Calculating the Potential of a Collapsing Droplet: A Scientific Approach

[gracy]

Homework Statement

A conducting bubble of radius a, thickness t(t<<a) has potential V. Now the bubble collapses into a droplet. Find the potential of the droplet.

Homework Equations

Potential at the surface of bubble=$V$=$\frac{Kq}{a}$

The Attempt at a Solution

Potential at the surface of bubble=$V$=$\frac{Kq}{a}$
bubble collapses into droplet.Let the radius of droplet to be R. Volume of droplet should be same as of bubble.
volume of droplet=$\frac{4}{3}$$πR^3$
volume of bubble =$\frac{4}{3}$$πa^3$
$\frac{4}{3}$$πR^3$=$\frac{4}{3}$$πa^3$
Am I right till here?I don't think so,because I have not used thickness t anywhere.

 

[ehild]

Homework Statement

A conducting bubble of radius a, thickness t(t<<a) has potential V. Now the bubble collapses into a droplet. Find the potential of the droplet.

Homework Equations

Potential at the surface of bubble=$V$=$\frac{Kq}{a}$

The Attempt at a Solution

Potential at the surface of bubble=$V$=$\frac{Kq}{a}$
bubble collapses into droplet.Let the radius of droplet to be R. Volume of droplet should be same as of bubble.
volume of droplet=$\frac{4}{3}$$πR^3$
volume of bubble =$\frac{4}{3}$$πa^3$
$\frac{4}{3}$$πR^3$=$\frac{4}{3}$$πa^3$
Am I right till here?I don't think so,because I have not used thickness t anywhere.

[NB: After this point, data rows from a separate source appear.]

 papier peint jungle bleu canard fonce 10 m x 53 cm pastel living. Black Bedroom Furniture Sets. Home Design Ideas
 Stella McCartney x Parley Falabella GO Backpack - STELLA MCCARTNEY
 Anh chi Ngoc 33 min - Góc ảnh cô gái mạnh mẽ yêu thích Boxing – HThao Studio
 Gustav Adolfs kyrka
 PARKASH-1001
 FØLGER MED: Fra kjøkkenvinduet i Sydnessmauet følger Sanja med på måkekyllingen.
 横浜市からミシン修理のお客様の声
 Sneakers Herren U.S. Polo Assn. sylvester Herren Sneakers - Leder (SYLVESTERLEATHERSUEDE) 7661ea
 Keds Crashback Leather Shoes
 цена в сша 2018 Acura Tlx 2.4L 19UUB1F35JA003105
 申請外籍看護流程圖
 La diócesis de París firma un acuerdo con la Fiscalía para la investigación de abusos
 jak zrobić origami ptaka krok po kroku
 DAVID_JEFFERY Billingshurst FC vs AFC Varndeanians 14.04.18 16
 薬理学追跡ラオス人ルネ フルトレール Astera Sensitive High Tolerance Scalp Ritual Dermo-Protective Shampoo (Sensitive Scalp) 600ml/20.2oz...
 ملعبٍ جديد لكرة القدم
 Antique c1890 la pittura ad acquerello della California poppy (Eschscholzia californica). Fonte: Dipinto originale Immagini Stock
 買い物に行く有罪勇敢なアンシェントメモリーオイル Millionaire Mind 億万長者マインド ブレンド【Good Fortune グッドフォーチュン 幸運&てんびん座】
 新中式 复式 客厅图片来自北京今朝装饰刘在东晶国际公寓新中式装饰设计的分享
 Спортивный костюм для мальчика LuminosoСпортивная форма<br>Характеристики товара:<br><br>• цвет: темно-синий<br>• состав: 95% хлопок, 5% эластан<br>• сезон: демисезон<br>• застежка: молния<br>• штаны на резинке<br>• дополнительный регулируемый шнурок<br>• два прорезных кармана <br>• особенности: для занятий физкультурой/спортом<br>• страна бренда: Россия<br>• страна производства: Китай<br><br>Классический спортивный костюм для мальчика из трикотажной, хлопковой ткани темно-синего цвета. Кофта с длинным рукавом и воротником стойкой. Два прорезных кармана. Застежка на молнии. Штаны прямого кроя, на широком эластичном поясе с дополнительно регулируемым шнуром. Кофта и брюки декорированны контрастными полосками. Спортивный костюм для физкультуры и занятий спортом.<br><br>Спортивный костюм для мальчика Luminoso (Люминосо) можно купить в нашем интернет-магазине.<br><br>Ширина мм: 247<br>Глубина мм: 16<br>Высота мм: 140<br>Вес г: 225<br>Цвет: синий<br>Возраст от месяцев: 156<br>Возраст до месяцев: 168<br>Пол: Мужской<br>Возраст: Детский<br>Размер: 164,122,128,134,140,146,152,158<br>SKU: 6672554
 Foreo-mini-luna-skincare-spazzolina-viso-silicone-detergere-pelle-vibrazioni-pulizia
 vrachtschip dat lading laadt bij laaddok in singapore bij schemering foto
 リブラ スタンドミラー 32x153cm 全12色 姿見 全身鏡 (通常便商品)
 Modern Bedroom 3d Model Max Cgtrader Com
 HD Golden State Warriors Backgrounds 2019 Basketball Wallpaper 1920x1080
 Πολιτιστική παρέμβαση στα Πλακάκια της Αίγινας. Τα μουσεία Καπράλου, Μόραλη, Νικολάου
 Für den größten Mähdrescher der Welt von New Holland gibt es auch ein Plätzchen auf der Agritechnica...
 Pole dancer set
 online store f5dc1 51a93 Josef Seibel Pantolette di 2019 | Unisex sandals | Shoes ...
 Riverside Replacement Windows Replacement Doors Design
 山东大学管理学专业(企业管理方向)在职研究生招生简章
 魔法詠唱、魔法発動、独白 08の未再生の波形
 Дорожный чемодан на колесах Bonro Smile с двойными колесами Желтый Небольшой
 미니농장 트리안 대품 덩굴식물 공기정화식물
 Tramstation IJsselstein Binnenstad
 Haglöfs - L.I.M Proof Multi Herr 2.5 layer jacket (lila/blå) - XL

No. The bubble is a shell of thickness t. Its volume is not the same as the volume of the enclosed sphere.

 

[gracy]

Its volume is not the same as the volume of the enclosed sphere.

Volume of bubble=$(4πa^2)t$?

 

[ehild]

Volume of bubble=$(4πa^2)t$?

Yes, when t<<a and a is the radius of the bubble.

 

[gracy]

I have just guessed it !Is formula of volume of a shell is (4πradius squared)multiplied by thickness?

 

[NascentOxygen]

To calculate the exact volume of material comprising the bubble wall, you would use "outer sphere's volume minus inner sphere's volume".

 

[gracy]

Whenever thickness <<radius ,I should apply the below formula
(4πradius squared)multiplied by thickness?
And in case of droplet as nothing such is mentioned we will take as usual formula of volume 4/3 πr^3,right?

 

[NascentOxygen]

I have just guessed it !Is formula of volume of a shell is (4πradius squared)multiplied by thickness?

That sounds like a good way to approximate it.

 

[gracy]

Is my post #7correct?

 

[gracy]

Volume of droplet should be same as of bubble.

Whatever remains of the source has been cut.